DATA UNDER STUDY
____

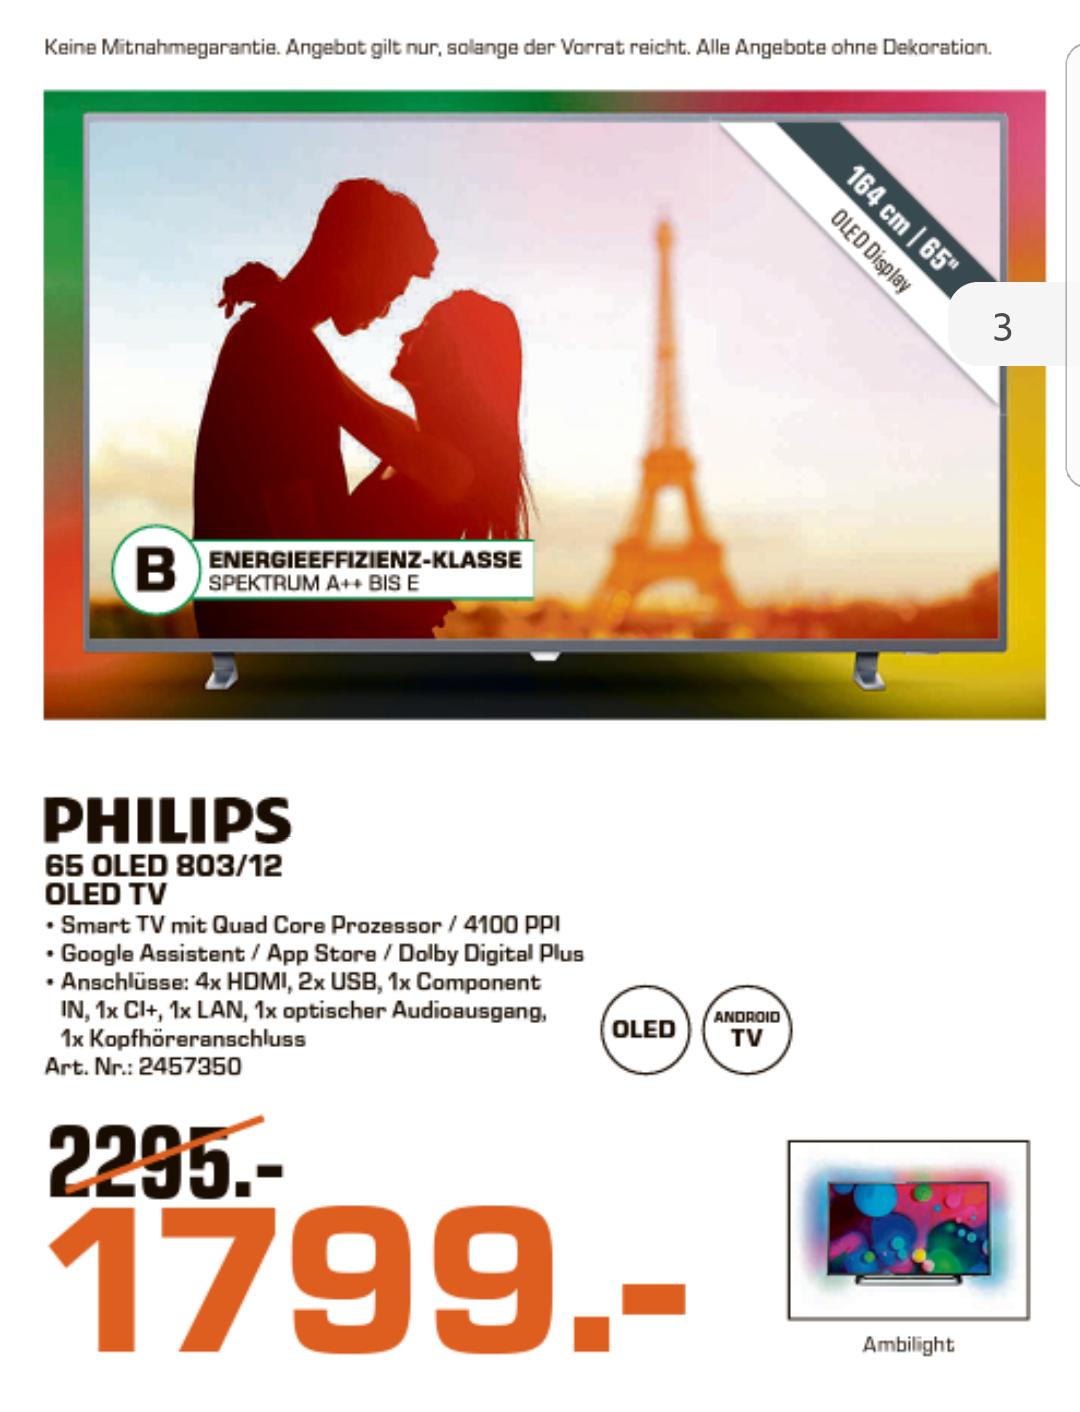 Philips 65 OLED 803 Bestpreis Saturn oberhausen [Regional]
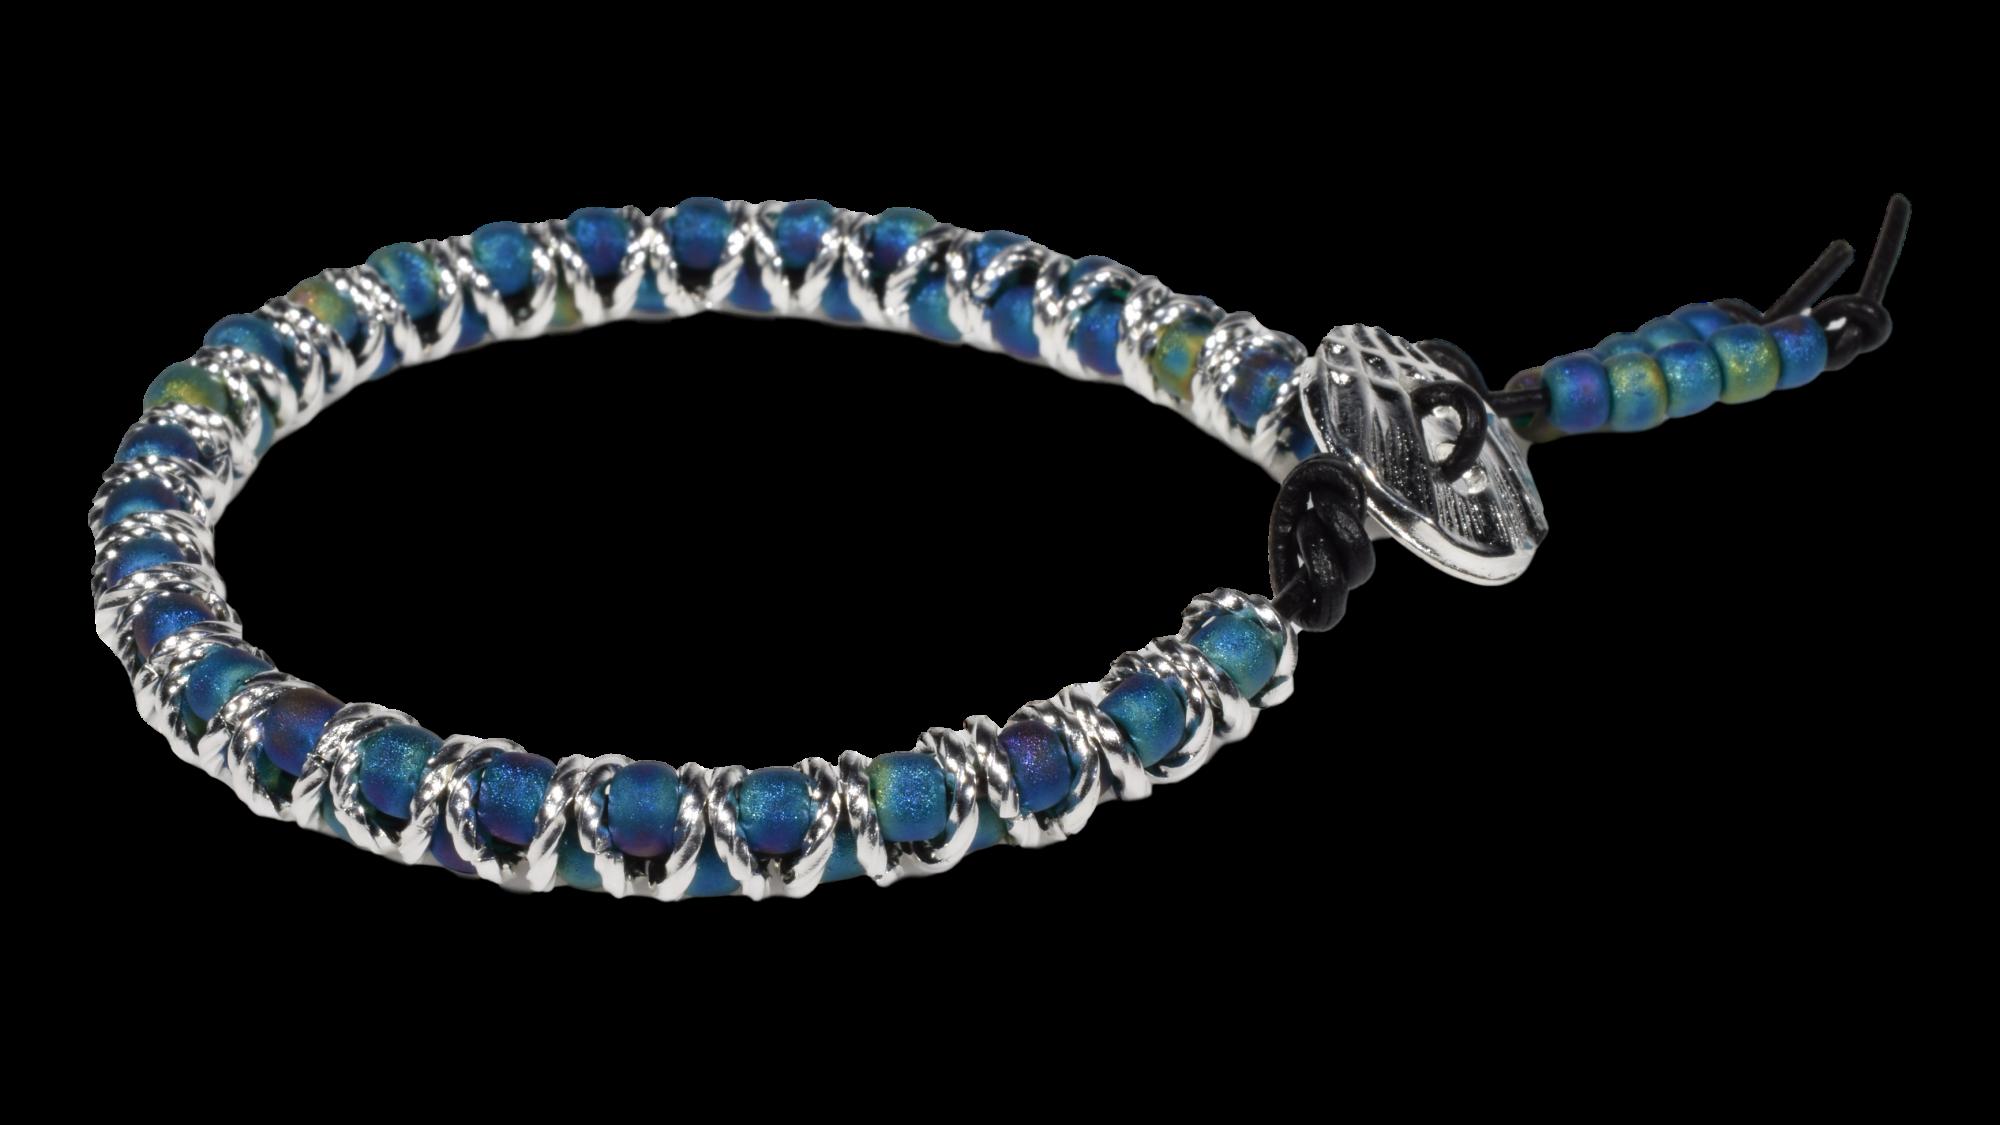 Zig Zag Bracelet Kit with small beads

____

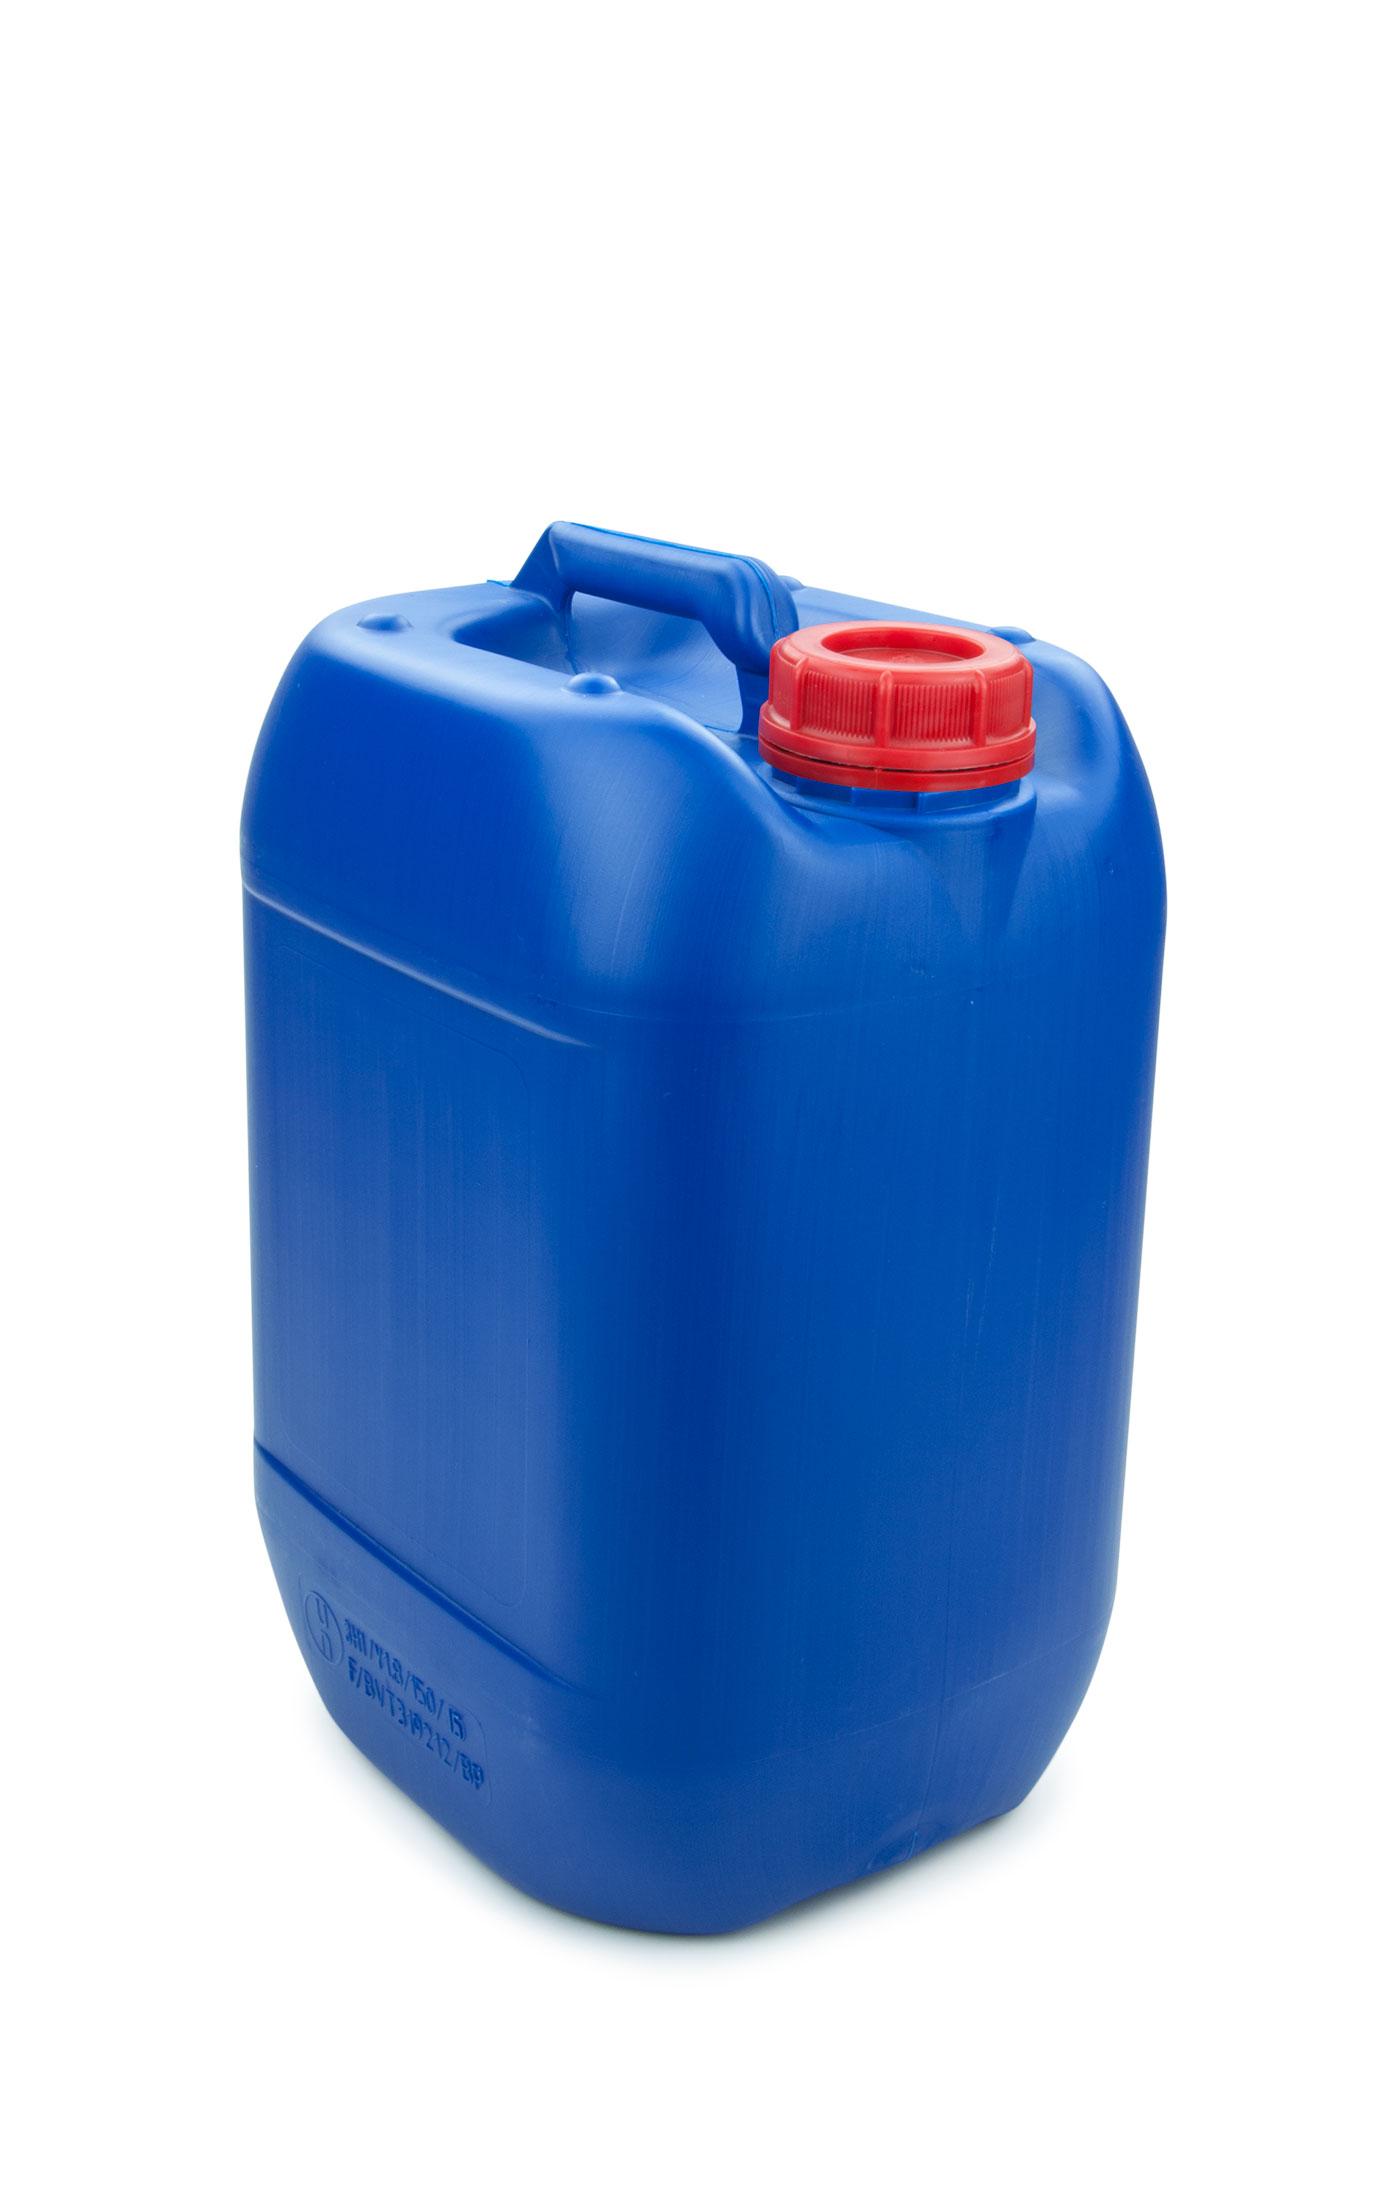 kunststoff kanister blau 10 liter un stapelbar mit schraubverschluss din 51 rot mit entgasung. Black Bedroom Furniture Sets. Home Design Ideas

____

BRIEF
The copy should hold exactly the lines above from the one with "Philips 65 OLED" through the one with "Zig Zag Bracelet Kit with small beads", both ends counted, and no pictures at all.

TASK ANSWER
 Philips 65 OLED 803 Bestpreis Saturn oberhausen [Regional]
 Zig Zag Bracelet Kit with small beads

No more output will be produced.